* _Prompt_
With pictures removed, print the listing exactly.

* _Recorded information_
--------------------------------------------------

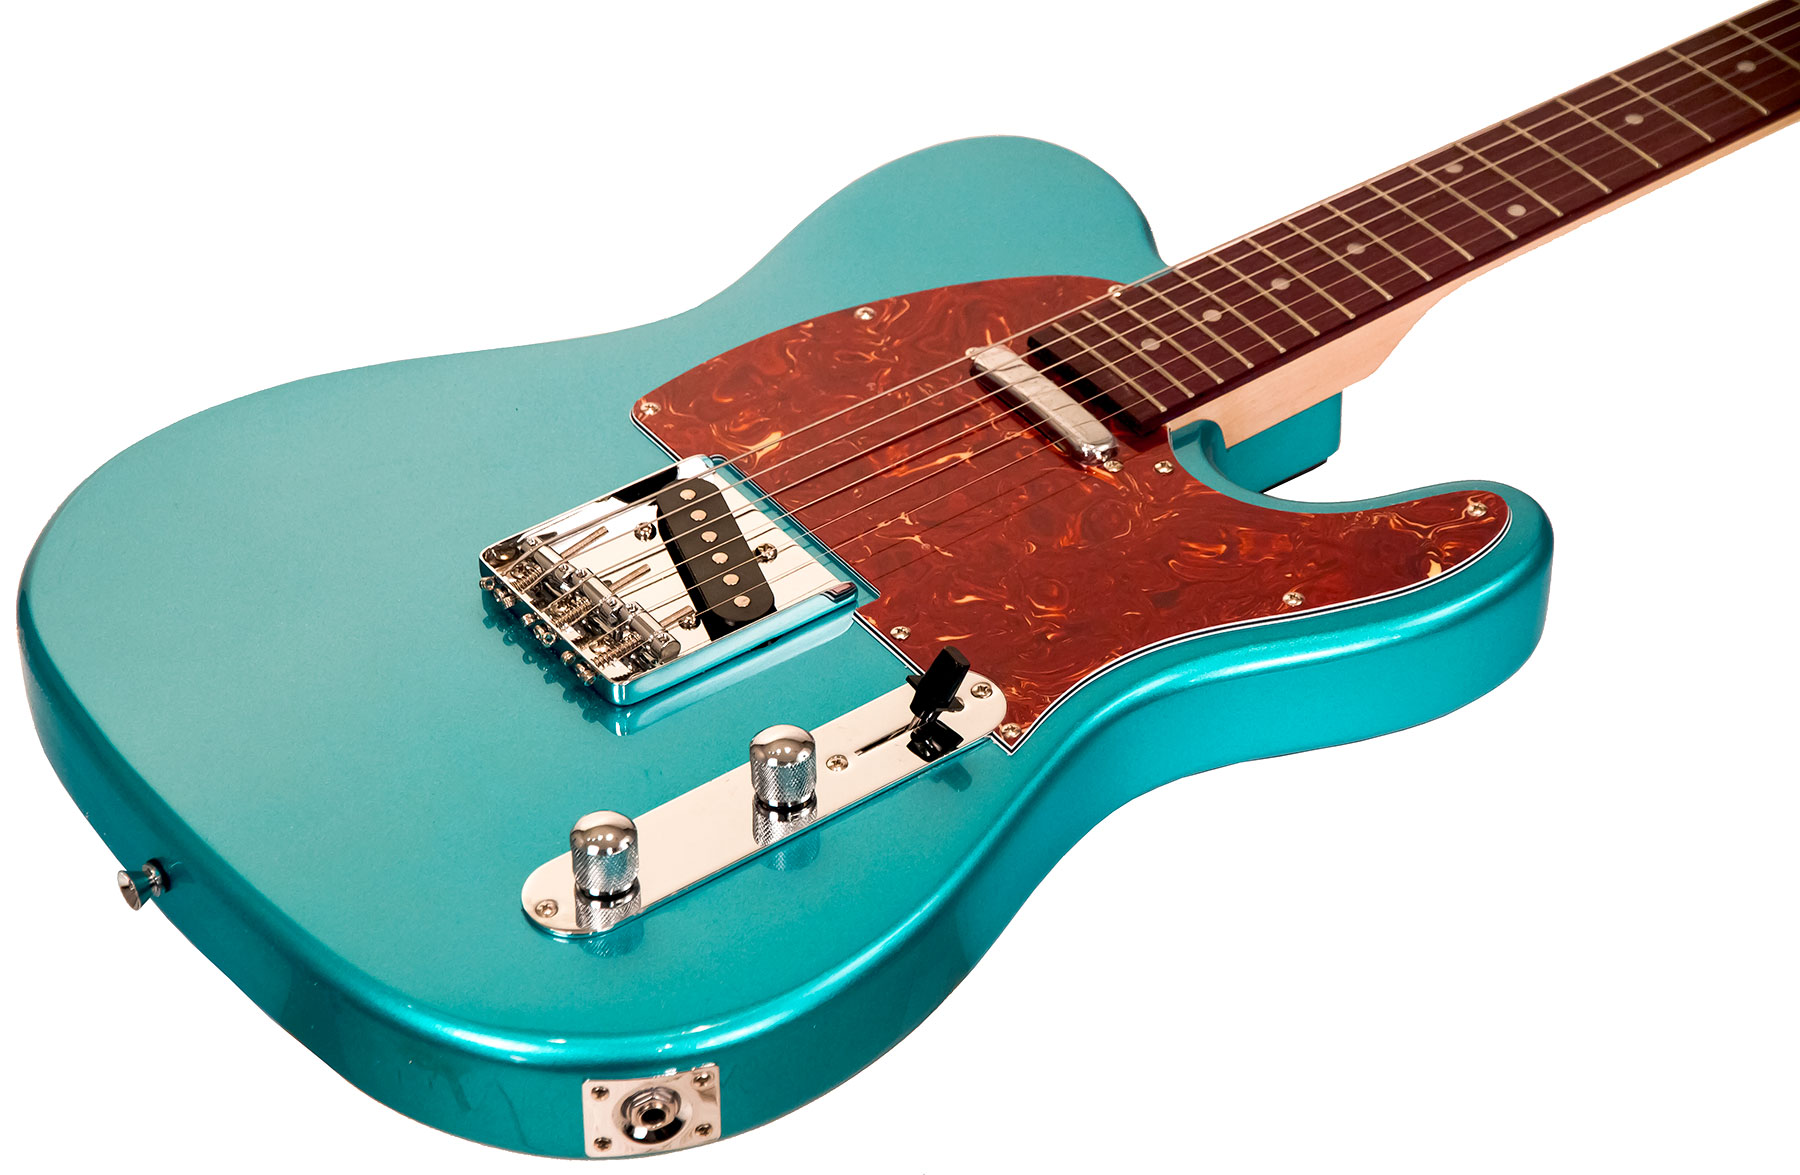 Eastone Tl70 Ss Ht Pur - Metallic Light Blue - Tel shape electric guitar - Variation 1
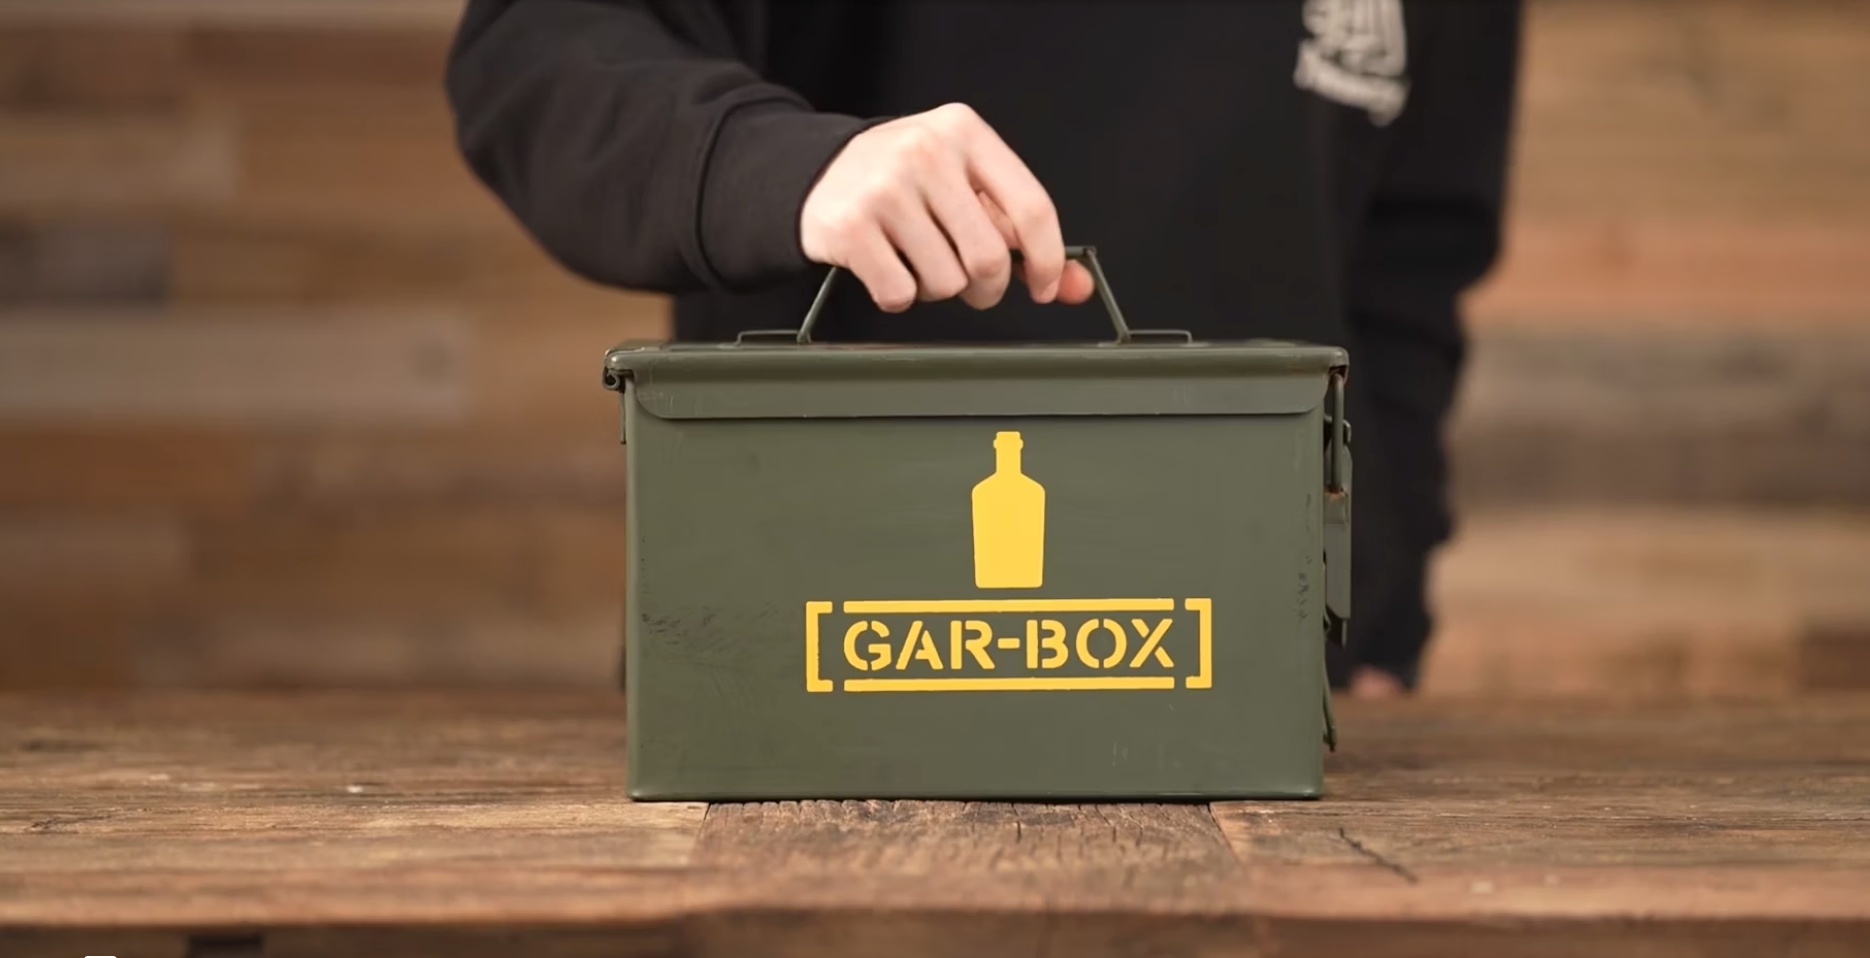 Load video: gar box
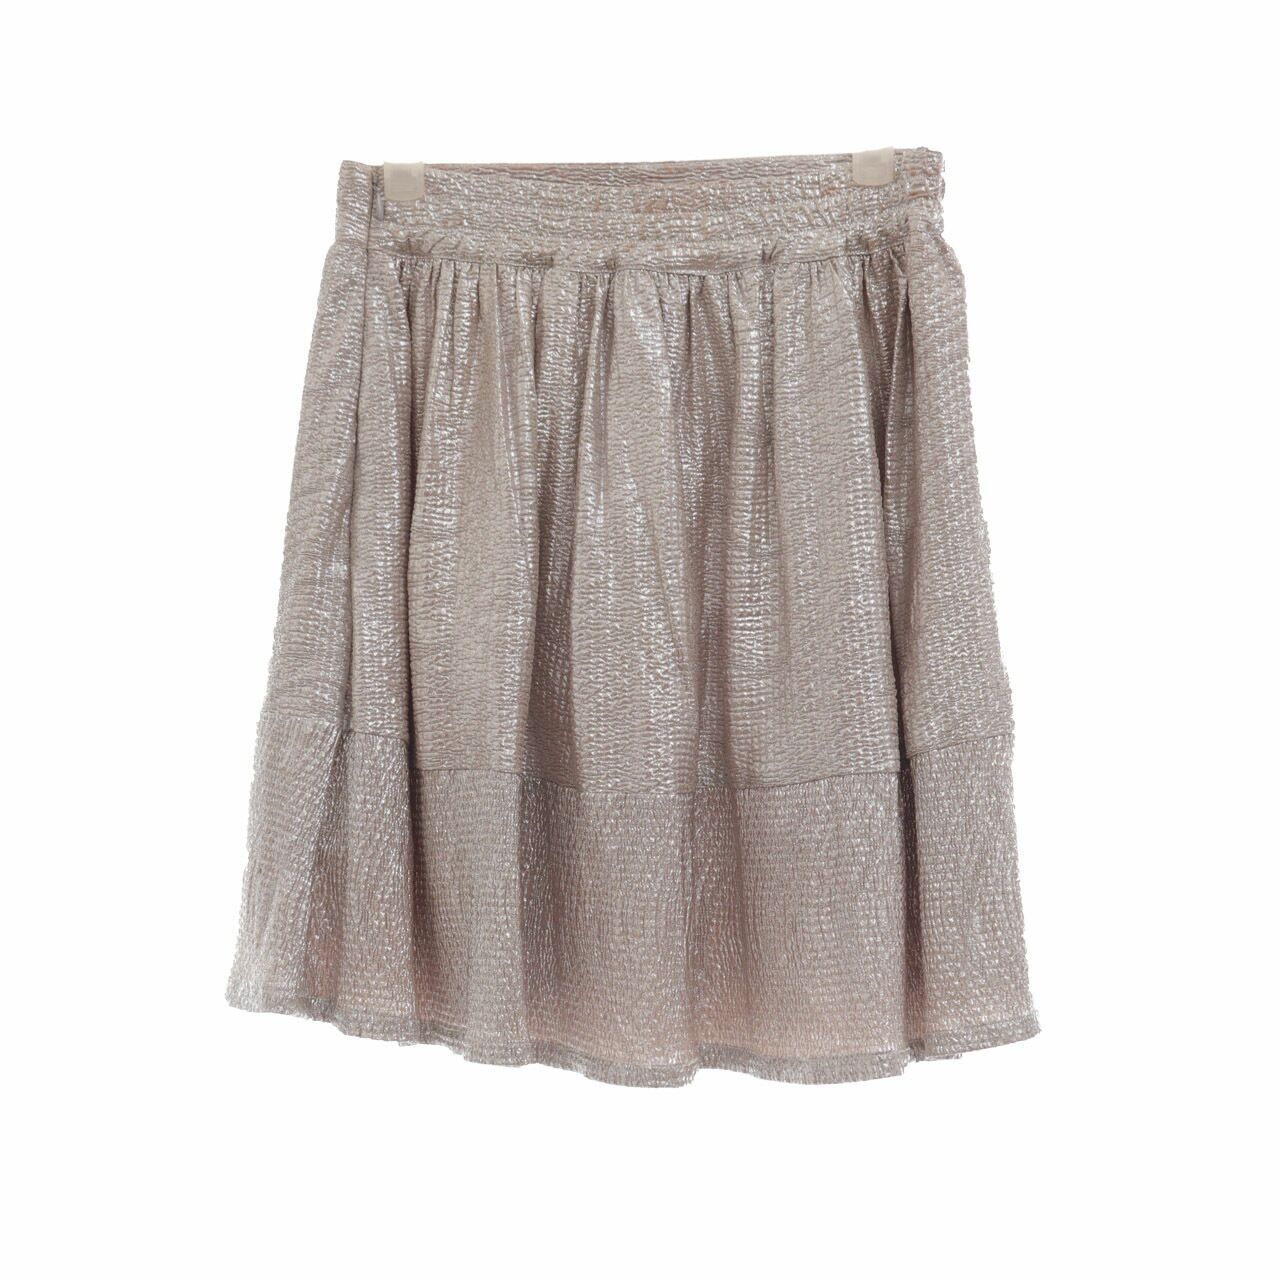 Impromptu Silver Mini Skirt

--------------------------------------------------

* _Answer section_
 Eastone Tl70 Ss Ht Pur - Metallic Light Blue - Tel shape electric guitar - Variation 1
 Load video: gar box
 Impromptu Silver Mini Skirt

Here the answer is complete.